Exercise instructions: Output exactly the lines of the listing below that run from the line with "Pose Reference- Creepy" through the line with "淘宝38女王节海报banner电商". No pictures.

Information provided:
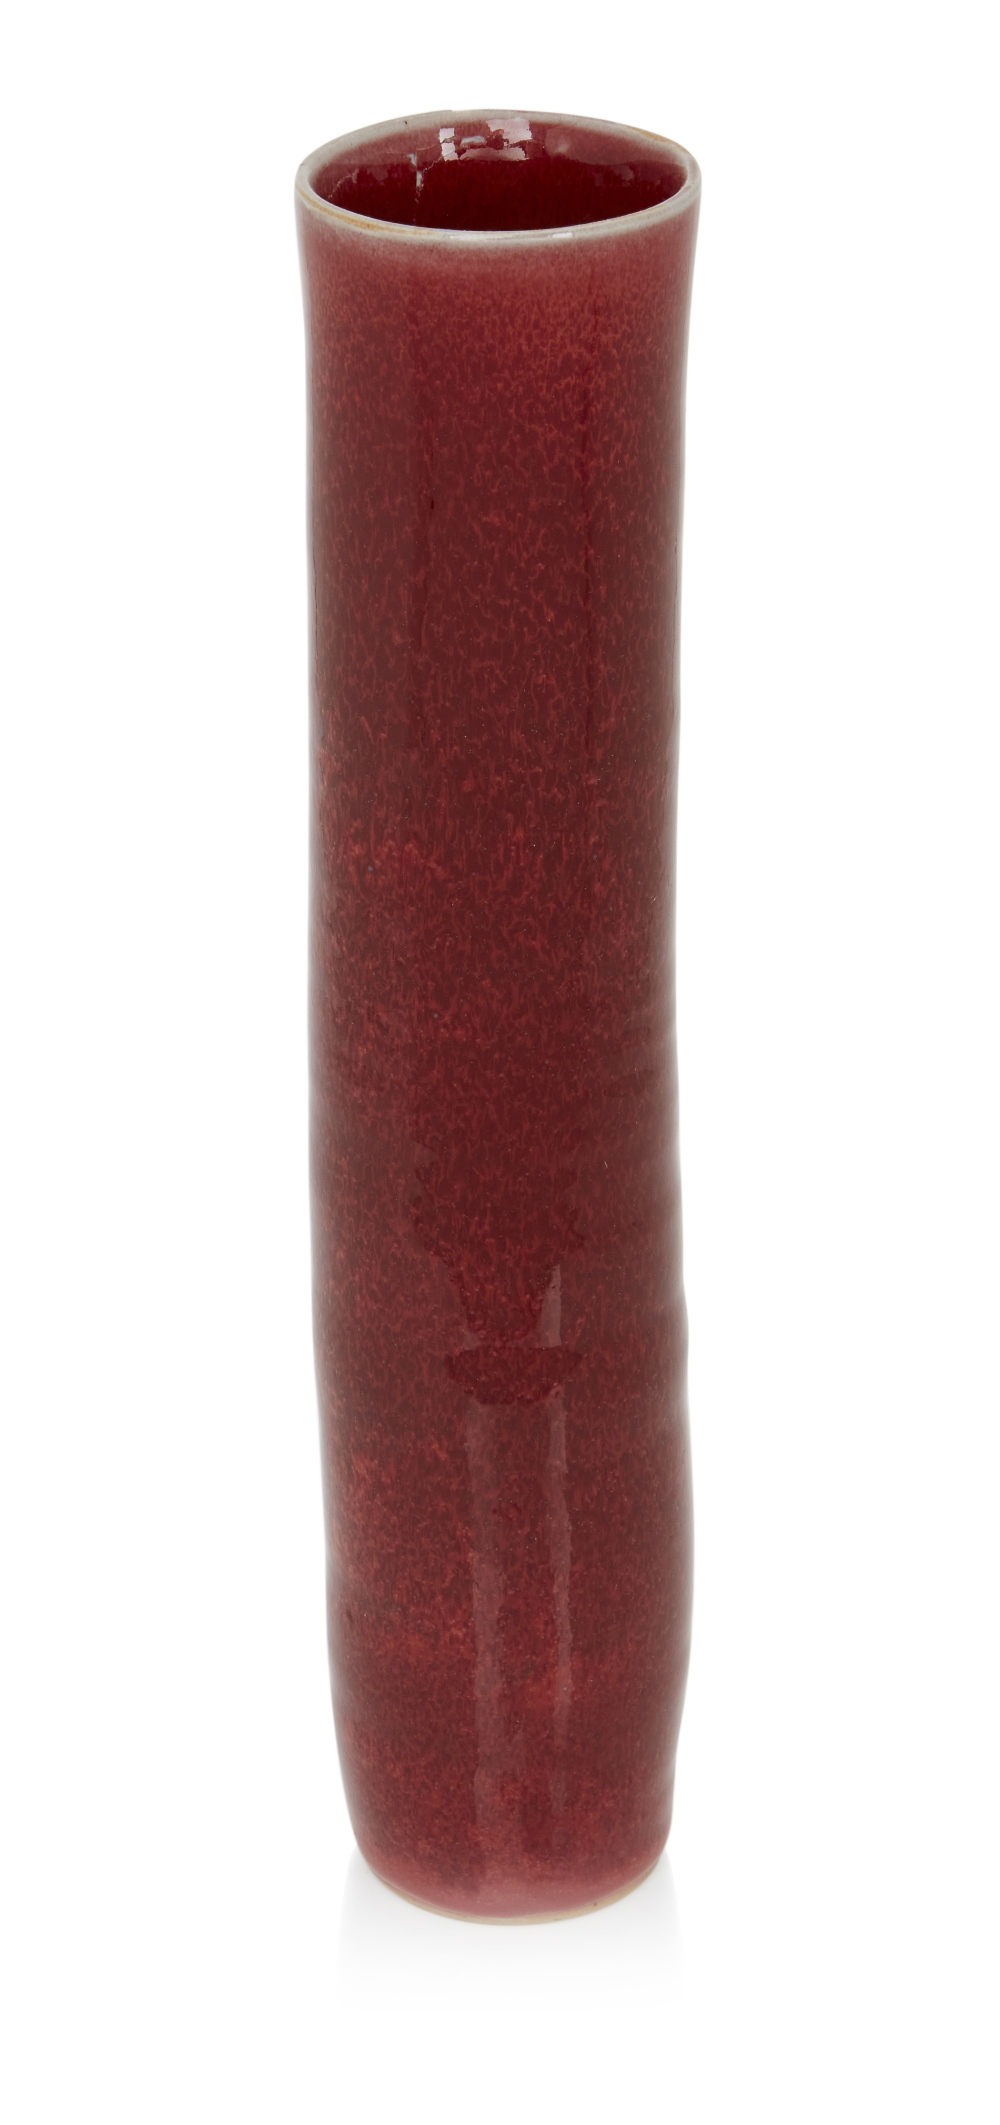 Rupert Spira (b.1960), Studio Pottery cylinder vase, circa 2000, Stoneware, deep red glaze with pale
==
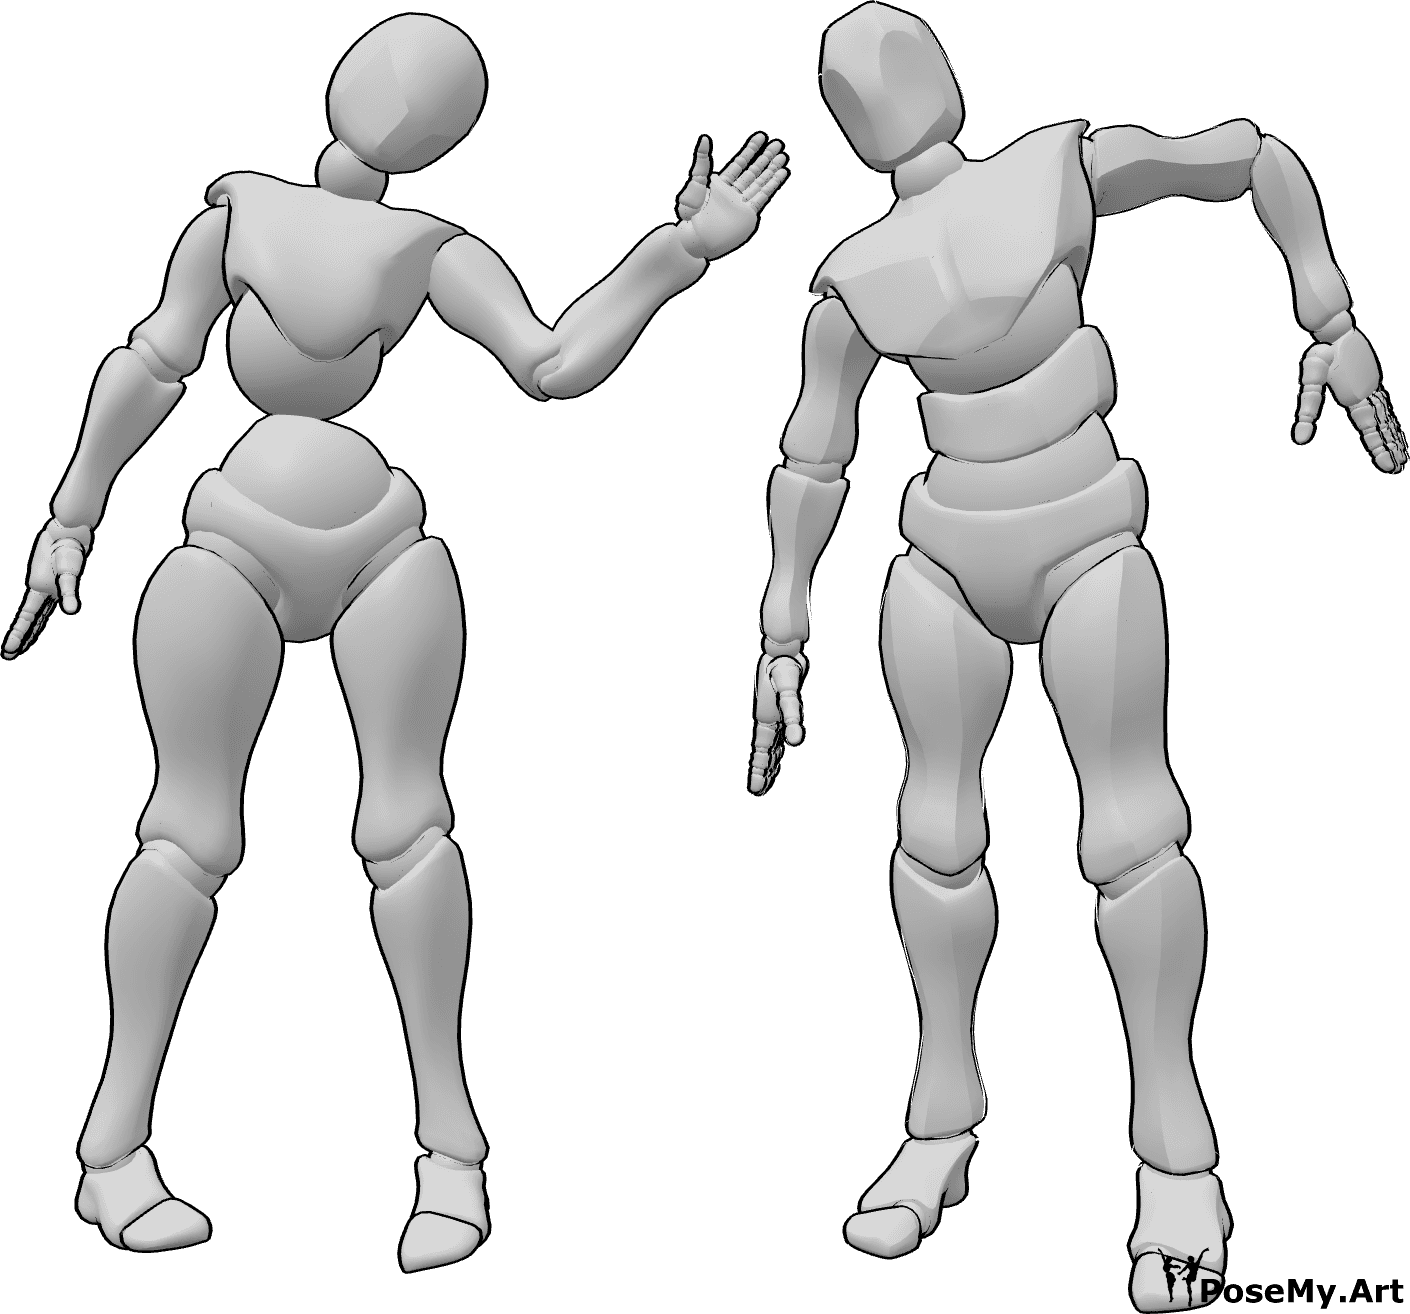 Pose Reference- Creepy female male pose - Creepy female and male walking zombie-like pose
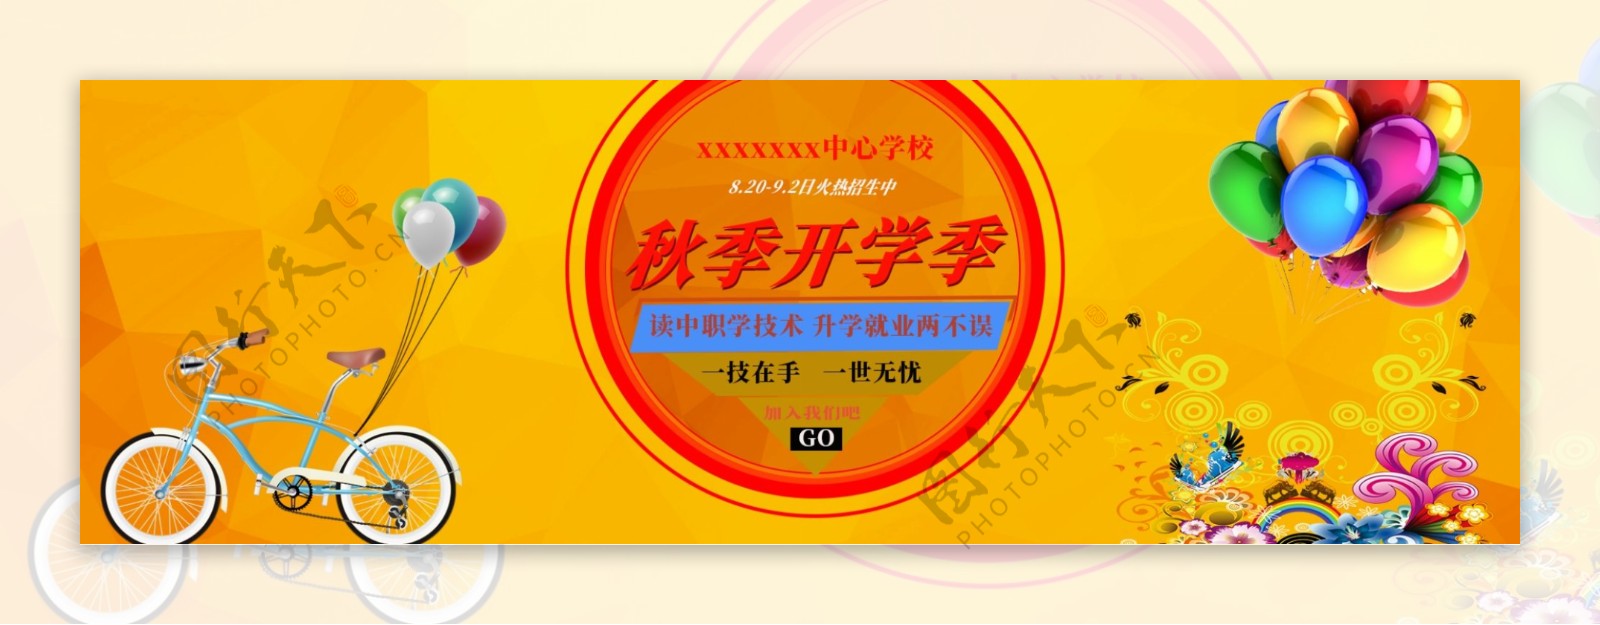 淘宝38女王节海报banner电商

Worked solution:
 Pose Reference- Creepy female male pose - Creepy female and male walking zombie-like pose
 淘宝38女王节海报banner电商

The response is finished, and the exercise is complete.